Soon after the World Health Organization (WHO) recognised that the growing COVID-19 epidemic was becoming a pandemic, governments around the world swiftly imposed confinement and social distancing measures. Fewer than eight weeks later, many governments now face the daunting challenge of transitioning from lockdown to deconfinement, while avoiding massive resurgences of new COVID-19 cases and an economic situation that could become more devastating than the disease itself.

In addition to the morbidity and mortality directly caused by COVID-19, it is important to consider economic and social consequences arising from social distancing and isolation, unemployment, and psychological distress. Owing to a variety of socioeconomic determinants of health, certain populations are at greater risk of these consequences. Such vulnerable populations  include low-income and unemployed individuals, especially those in the informal sector, migrants and minority populations, homeless individuals, people who use drugs, and prisoners. Therefore, the crux of the deconfinement challenge is ensuring social equity while mitigating further health declines and resuscitating economies and health systems.

We propose the following recommendations to governments to mitigate inequities during and following deconfinement:

  1. Ensure financial protection for vulnerable populations. Government financial protection measures should target specific vulnerable populations.
  2. Strengthen primary healthcare. Governments should strengthen national and subnational primary health services, which can address prevention, treatment, rehabilitation, and palliative care needs at lower costs compared to specialised and complex health services. This can reduce demand on hospital resources and protect population health while easing financial pressures on health systems.

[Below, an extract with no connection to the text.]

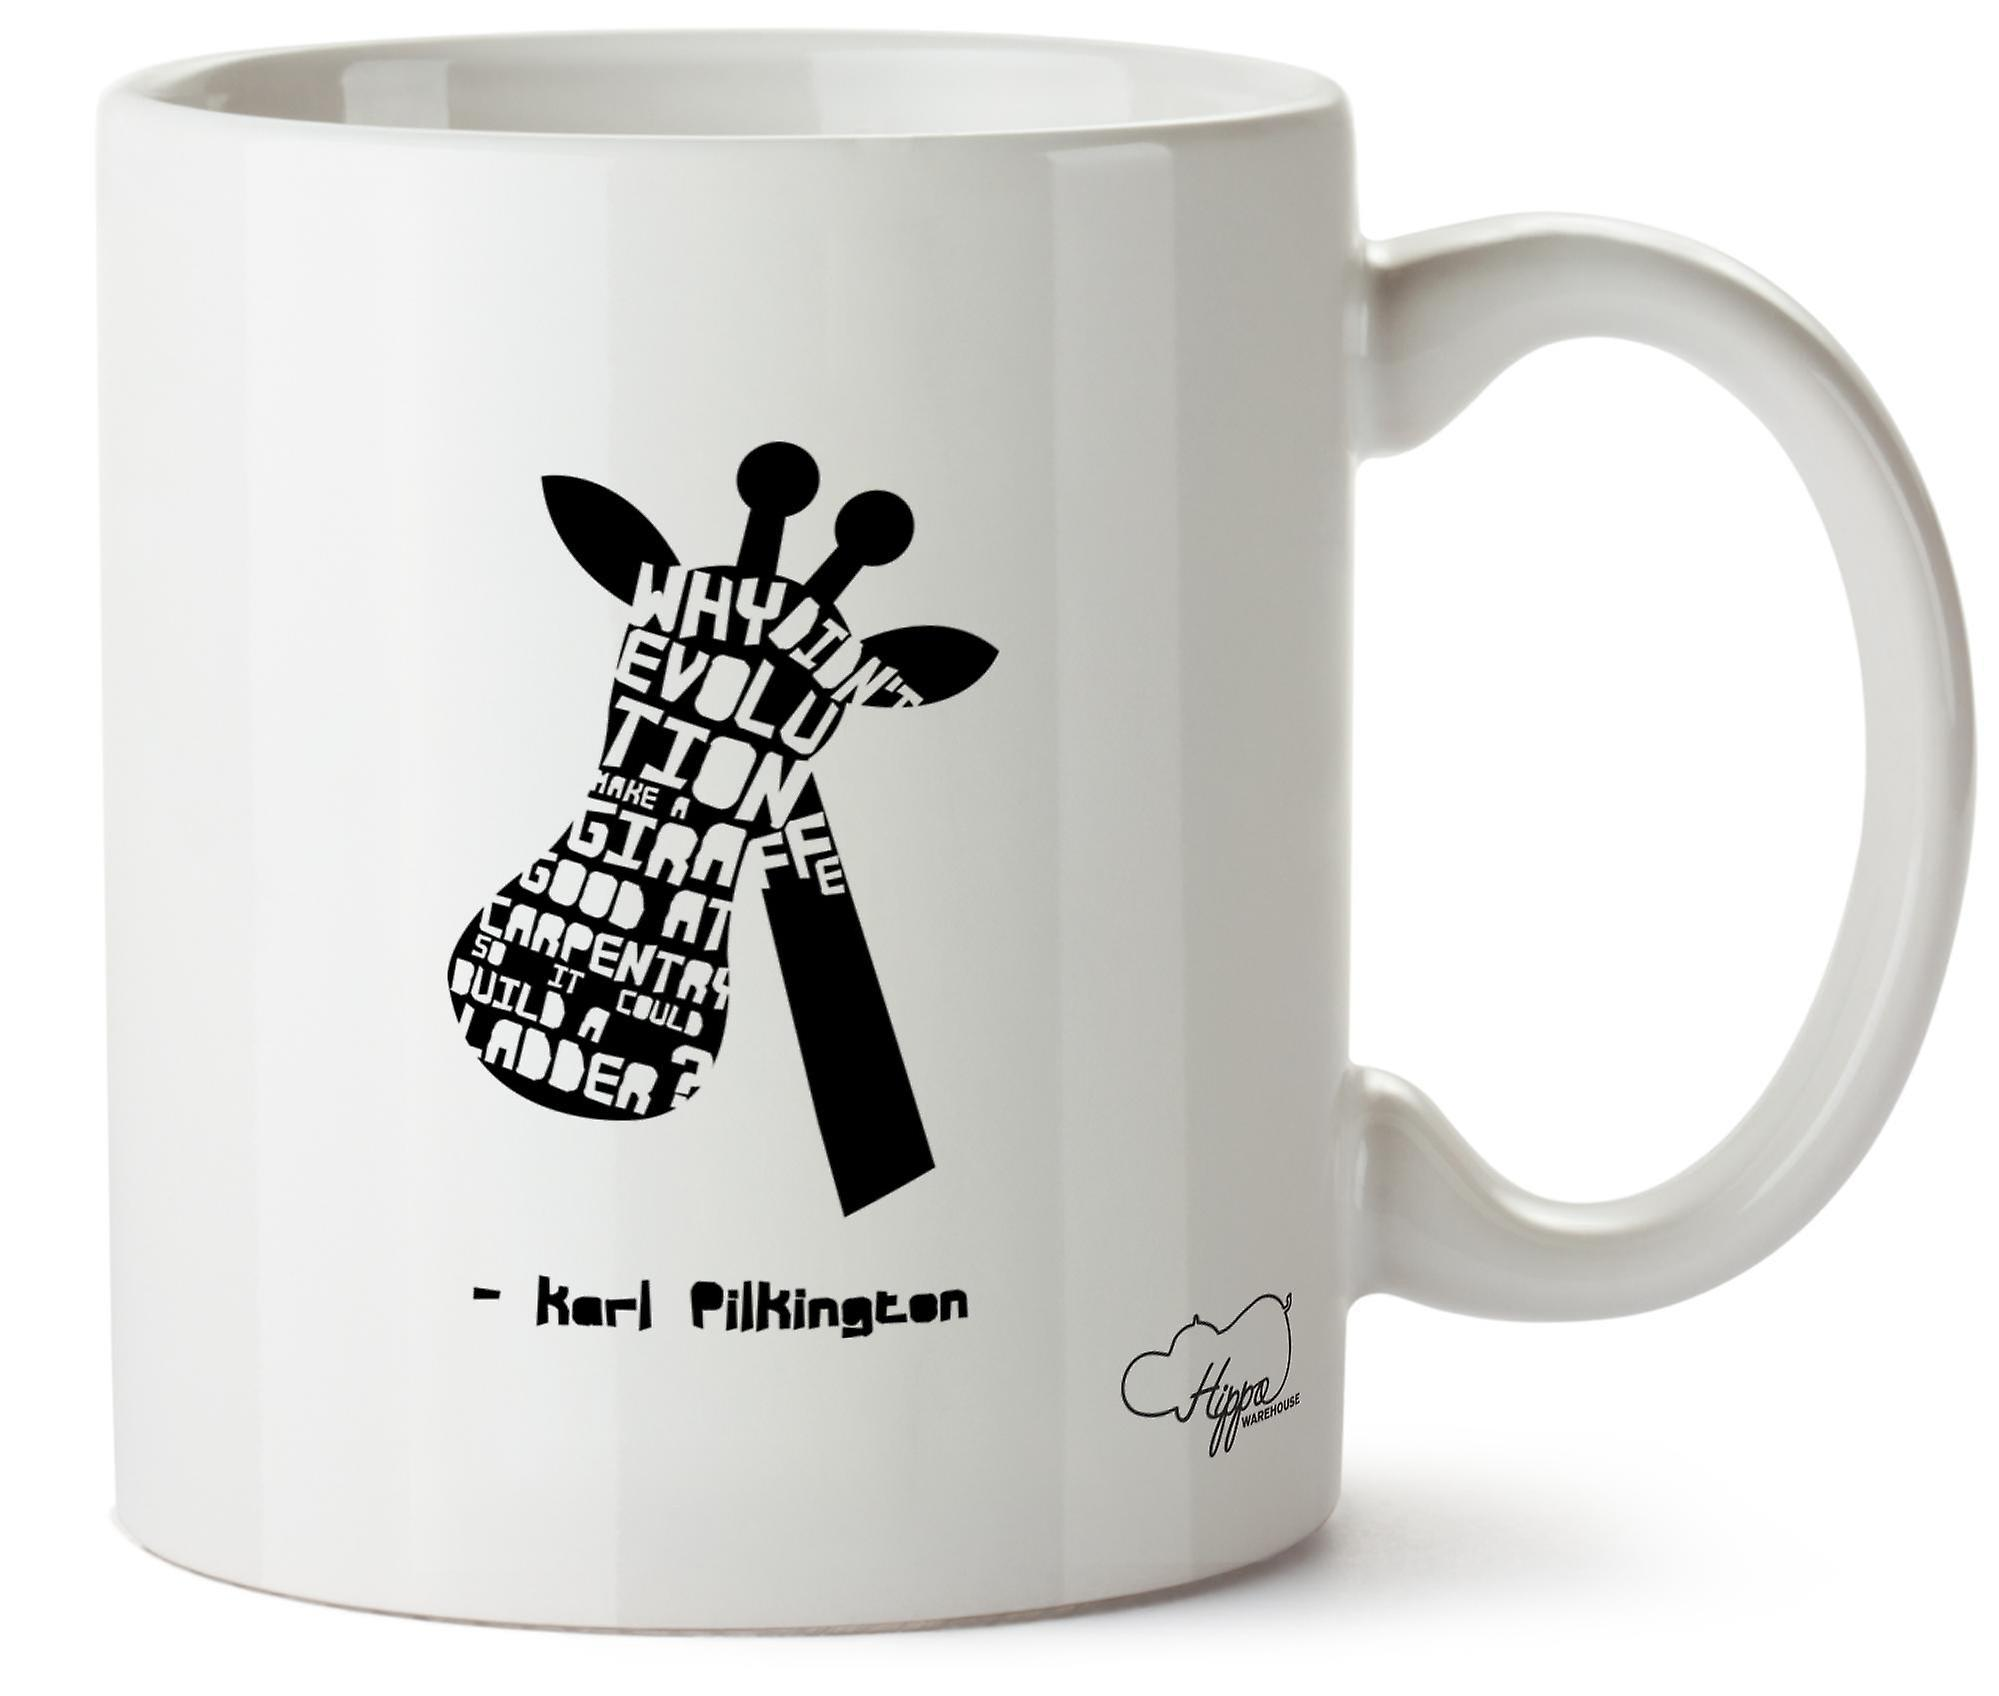 Hippowarehouse Why Didn't  Evolution Make A Giraffe Good At Carpentry So It Could Build A Ladder? Printed Mug Cup Ceramic 10oz

  3. Address the health needs of migrants and refugees. Governments should provide physical and psychological health support to documented and undocumented migrants and refugees.

  4. Promote housing protection. Governments should promote housing affordability, limit evictions and halt the suspension of utility and telecommunication services.

  5. Maintain and expand open and safe public spaces. Vulnerable populations are more likely to live and work in conditions that negatively impact their health. It is essential to preserve access to public spaces for social security, health, and well-being.

Addressing these considerations in deconfinement planning and implementation can safeguard vulnerable groups against further inequities and maintain health, social, and economic preparedness for future crises.